Günler sonra Turan Bey, bir yerlerden tatsız tuzsuz sera ayvası getirip de nefsini azıcık köreltene kadar, sarılara geldikçe kasnağı sıkmaktan parmakları acımıştı. Şimdi anısı, seccadeye işlediği, Mescid-i Aksa’yı andıran caminin kubbesindeki sarılarda yaşıyordu. Ve Deniz, ikincisinde bari, doğru dürüst bir evlilik yapar da çeyizini evine alırsa daha da yaşayacaktı şüphesiz; Mükerrem Hanım’ın kendisinden bile çok. Kesme kristal sürahi takımının üzerindeki iğne işi örtüleri, altı-yedi yıl önce, Turan Bey ayağını kırdığı zaman işlemişti. Öğrencilerinin andığı adıyla, “Mösyö Turan”, yıllardır bir görev gibi her sabah giydiği rugan iskarpinleri Ankara’nın edepsiz kar ve donuna teslim olunca, dönen bileğiyle oracığa yığılıp kalmıştı da kırığın acısıyla, okulun önüne yeni yapılan zemin taşlarına söylenen öğretmen arkadaşlarının arasında dakikalarca ambulans beklemişti.
“Kaç yaşındaysan, o kadar gün durması gerekiyormuş alçının,” diyen taksicinin eve getirdiği Turan Bey, üçlü koltuğa, Mükerrem Hanım’ın intizamlı dünyasının tam ortasına bir meteor gibi düşmüştü. O zaman elli üç yaşındaydı. Ama alçısını elli üç gün değil tamı tamına on iki hafta tuttular. Mükerrem Hanım kocasının, mukaddes nizamının tam ortasında bir kara delik açan varlığıyla delirmemek için kendini iyiden iyiye ev işine ve dantele vermişti.

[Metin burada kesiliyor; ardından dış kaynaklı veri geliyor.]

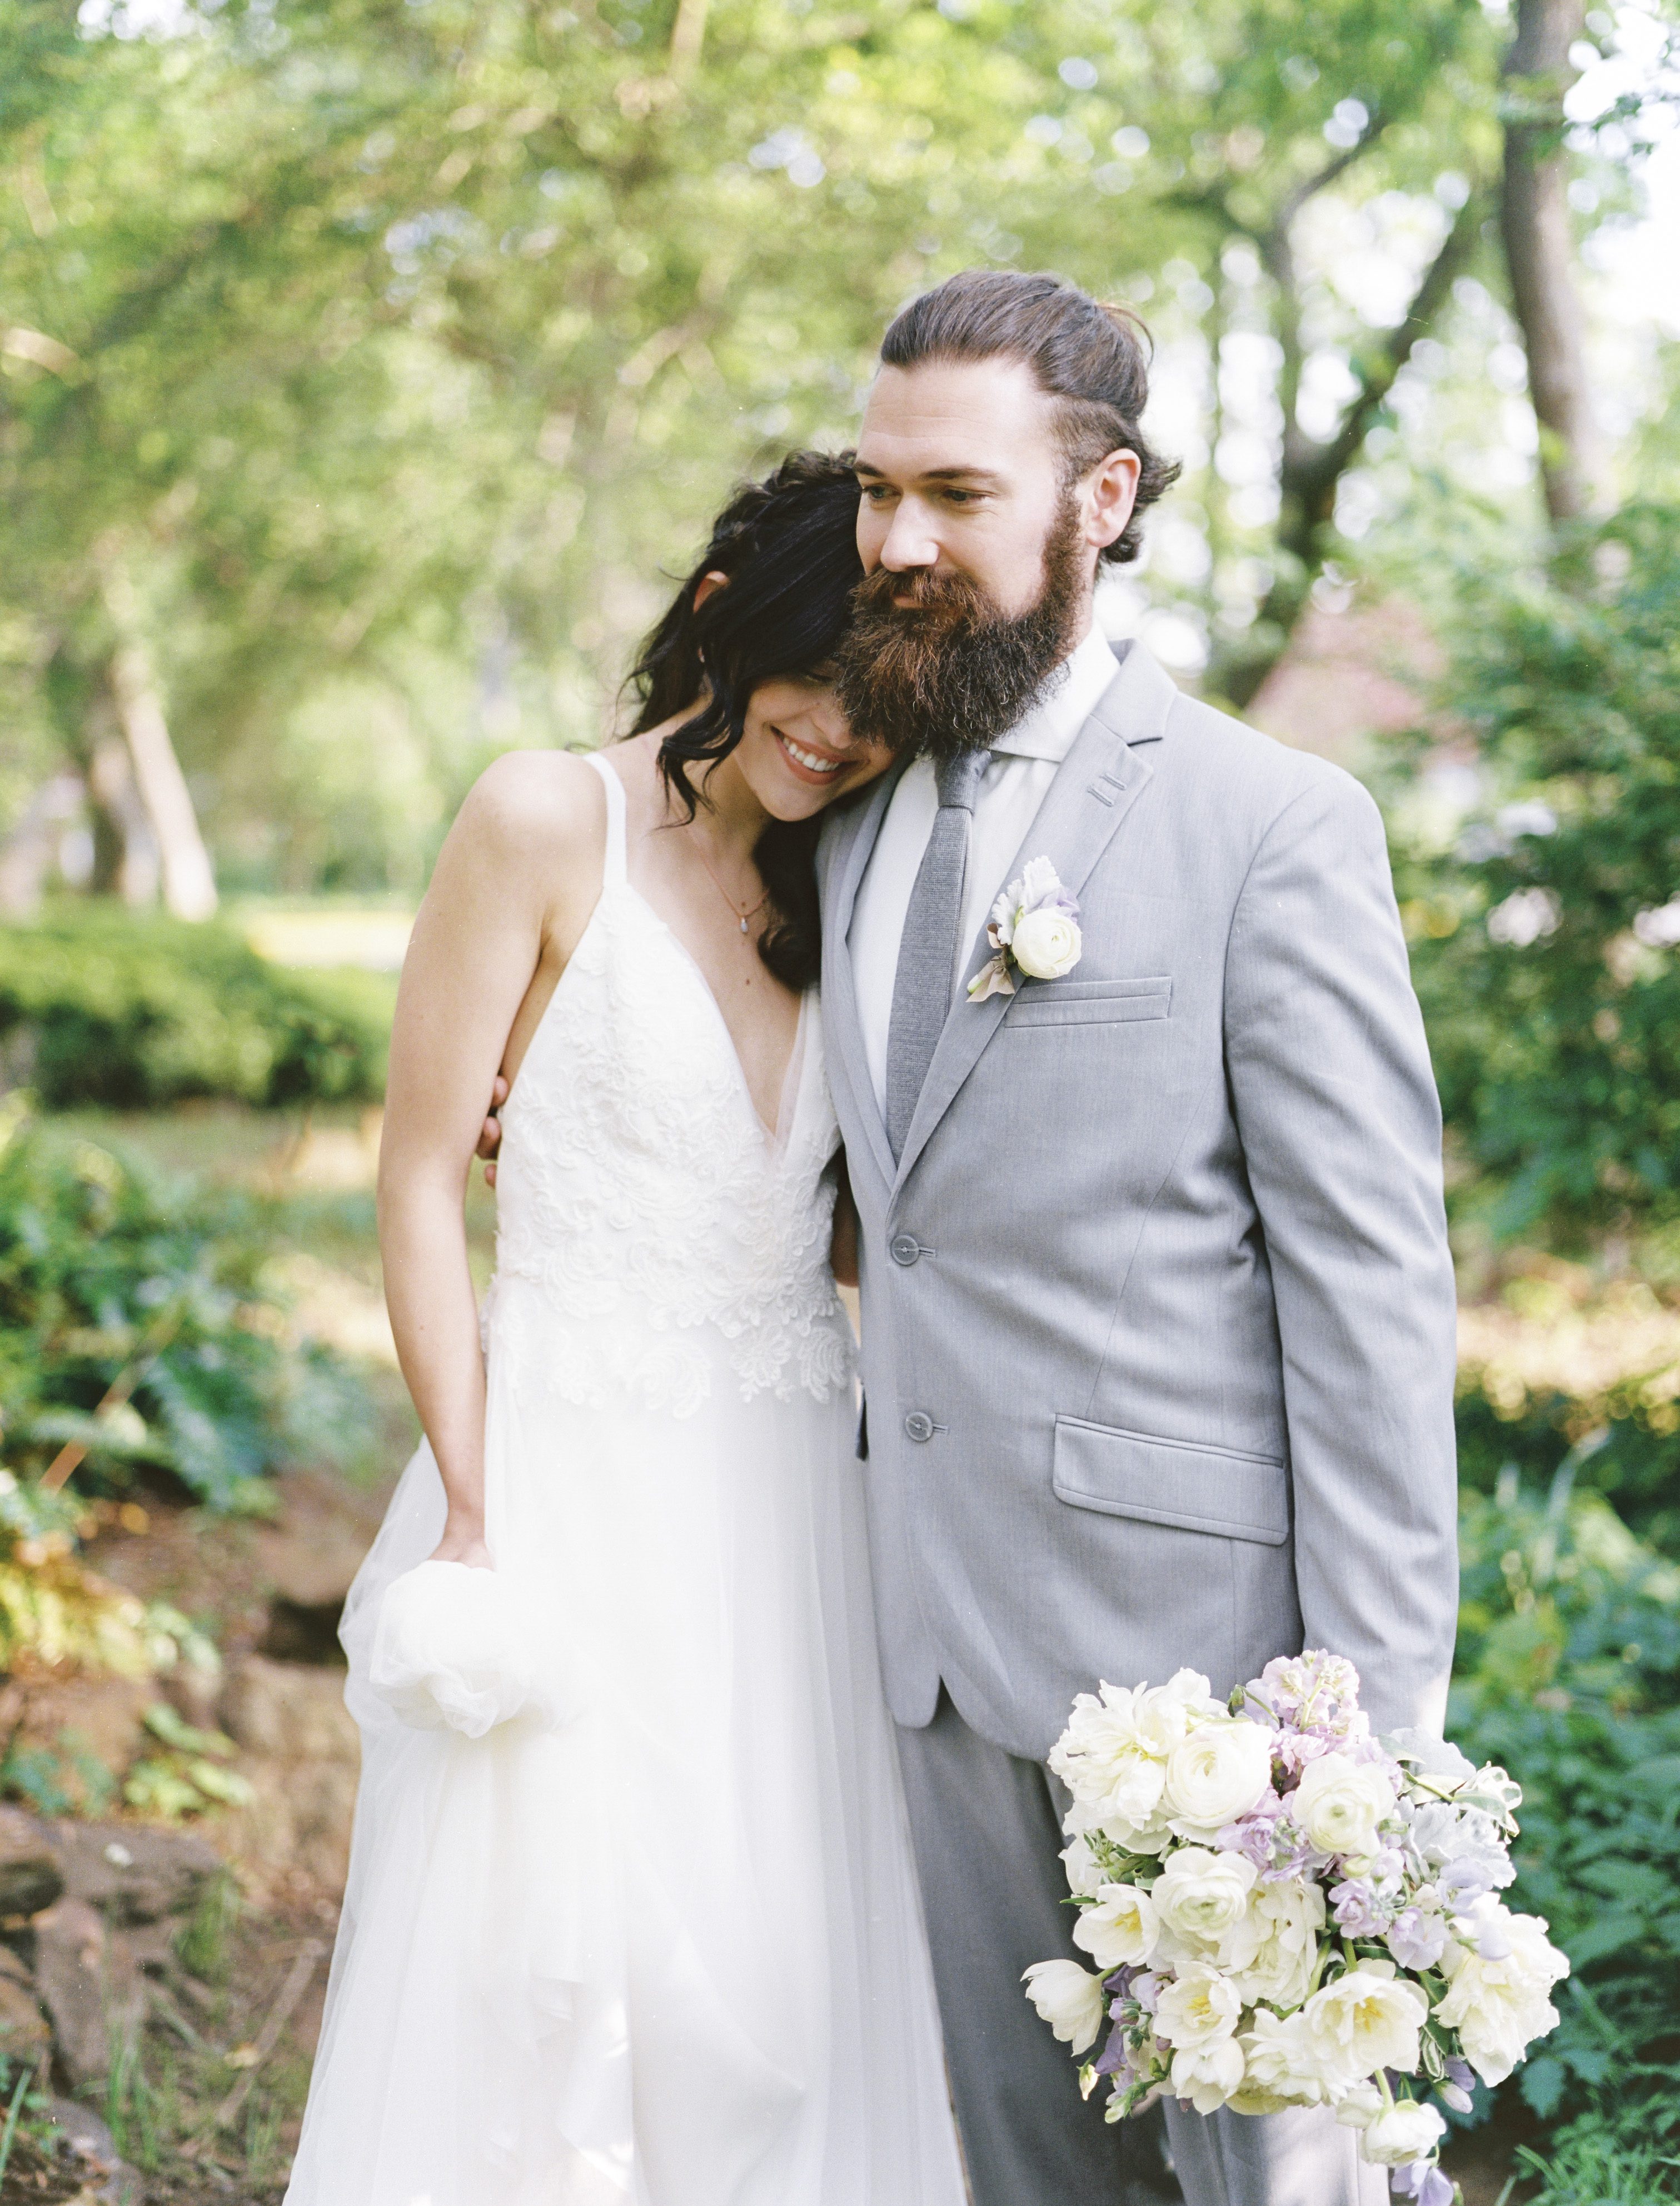 Bride and groom in a forest setting at a lavender and copper wedding

Kristal sürahi takımının örtüleri, holün duvarındaki etamin işi Su Kenarında Saçını Tarayan Kadın tablosu, Deniz’in çeyizindeki nişan bohçasının iğne oyaları ve biri fiskos, dördü zigona beş şiş sehpa takımı hep o zamanın ürünüydü. Hatta sehpa takımını bitirip kolaladıktan sonra gerdiği telleri salonda oraya buraya yerleştirince Turan Bey söylenecek gibi olmuş ama çaresizliğinin farkına varıp, muhtaç olduğu kadının azıcık patronluk etmesinde bir sakınca görmediğinden susmuştu.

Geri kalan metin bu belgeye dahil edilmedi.